The insurance industry has been in the regulator’s sights, with measures to ensure fair value in the car and homes sectors rolled out. There were also two major speeches, one on reshaping the regulatory environment and the other on financial inclusion, plus proposals to boost diversity at work.
Enforcement
High-cost lending firm Naylors Finance Limited has gone into administration, with Ed Boyle and Howard Smith of Interpath Ltd appointed administrators. They will update customers as soon as possible.
The British Steel Pension Fund saga rolled on with action taken against two more advisers, this time for providing dishonest pension transfer advice to members of this and other schemes. The FCA described it as “one of the worst cases we’ve seen”.
Rules and consultations
Proposals to boost diversity and inclusion to support healthy work cultures have been set out in consultation papers issued by the FCA and the Prudential Regulation Authority (PRA).

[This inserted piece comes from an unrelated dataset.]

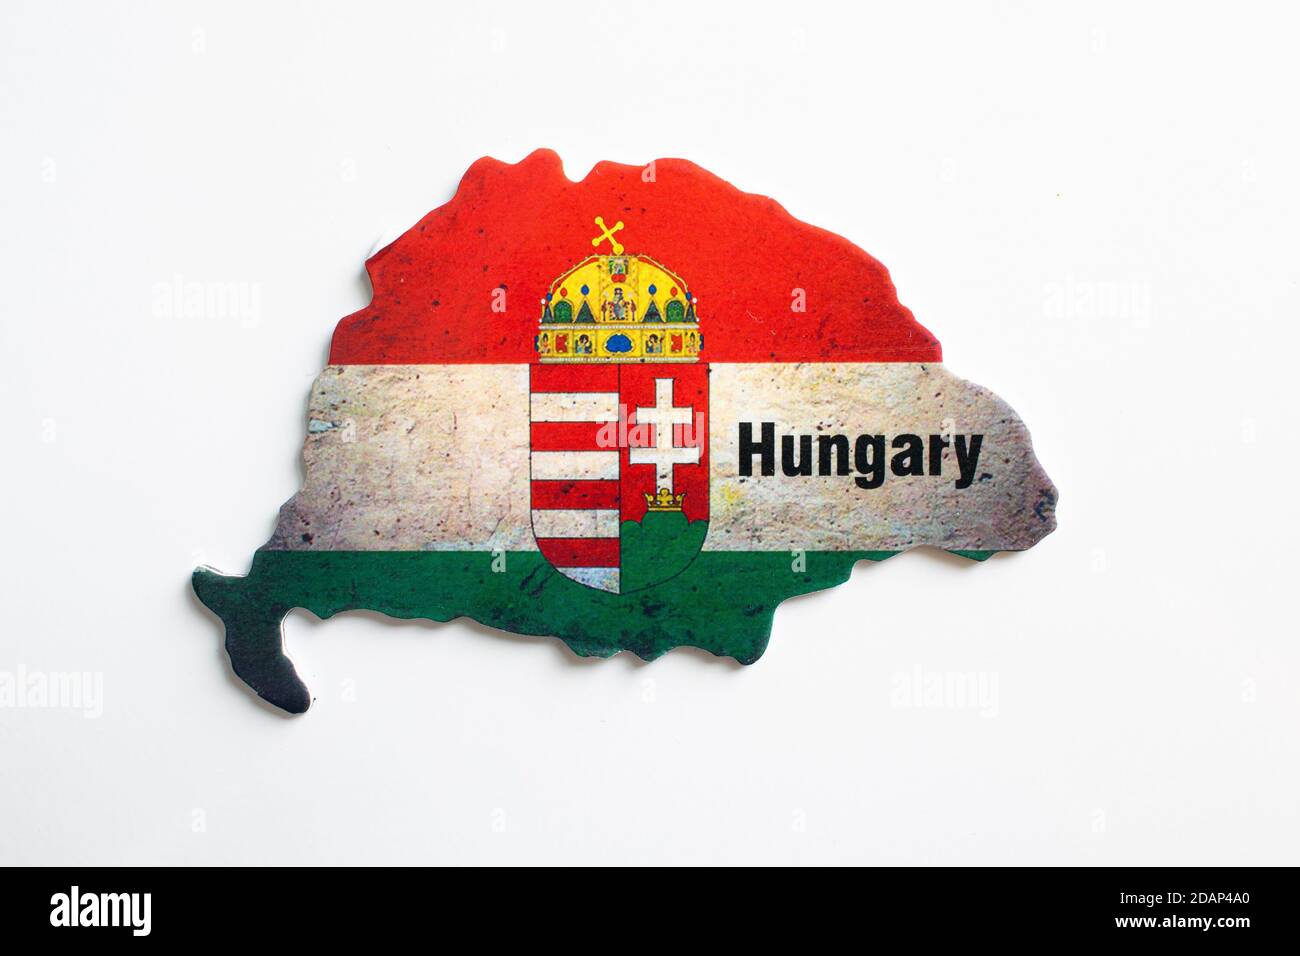 https://c8.alamy.com/compde/2dap4a0/magnetaufkleber-mit-dem-wappen-den-farben-der-flagge-und-den-grenzen-des-alten-ungarn-2dap4a0.jpg

FCA chief executive Nikhil Rathi said that data gathered suggested the best talent was not being attracted, retained or promoted, and PRA chief executive Sam Woods said: “Stronger diversity and inclusiveness should also make firms more competitive by enabling them to attract a wider pool of talent”.
The regulator has acted to ensure insurance firms are required to act in the best interests of leaseholders. From now on, leaseholders must be treated as customers when products are designed, and insurance firms will be banned from recommending an insurance policy based on commission or remuneration levels. Additionally, firms will have to show products provide fair value.
The winners of the first Global Financial Innovation Network Greenwashing TechSprint have been announced. Participants from 13 firms and 15 international regulators took on two problem statements centred around greenwashing in financial services, and came up with solutions.
The full list of winners and details of the problems set and solutions found are on the FCA website.
Publications
The findings of an initial data exercise on access to bank accounts and account closures have been published, with the regulator emphasising the data was gathered from firms “at speed”. It concluded that “By far the most common reasons providers gave for closing, suspending or declining an account was because it was inactive/dormant or because there were concerns about financial crime.”
The statement set out further work the FCA intends to carry out in order to fill gaps in the data. This will culminate in “A financial inclusion sprint in Q1 2024 focussed on improving consumer access to financial services.”
Insurers have been reminded of their obligations to provide fair value to customers in a letter from the FCA. This comes amid concern over Guaranteed Asset Protection (GAP) products and their value to customers, with FCA data showing just 6% of the amount customers pay in premiums is paid out in claims, while up to 70% of the value of premiums is paid in commission to third parties.
The FCA letter gives firms a three-month ultimatum to prove customers are getting a fair deal, after which the regulator will intervene.
The move is an early indication of how the FCA will be enforcing the requirements of the new Consumer Duty.
Speeches and media
An FCA advert aimed at helping consumers understand the impact of hype on investment decisions is to be screened immediately before screenings of the film Dumb Money, Hollywood’s adaptation of the Gamestop saga. The advert is part of the regulator’s InvestSmart campaign and is the first it has produced tied to a single film.
The role of regulation in encouraging investment in the City was the subject of a speech given by Sarah Pritchard, Executive Director of Markets, and Executive Director of International at a City & Financial event in London.
She emphasised the value of “proportionate regulation” and encouraged greater debate on risk appetite as key elements of ongoing efforts to rest the UK’s approach to financial services.
FCA chief executive Nikhil Rathi called for “an Enlightenment on financial inclusion” in a speech delivered at PwC Glasgow’s Extending Financial Inclusion event. The speech was another instance of the regulator emphasising that genuine solutions needed to come from within the industry and through technology. He told his audience that the FCA was looking for solutions to spread financial inclusion, but that it didn’t have the levers at its disposal to justify making it a statutory requirement.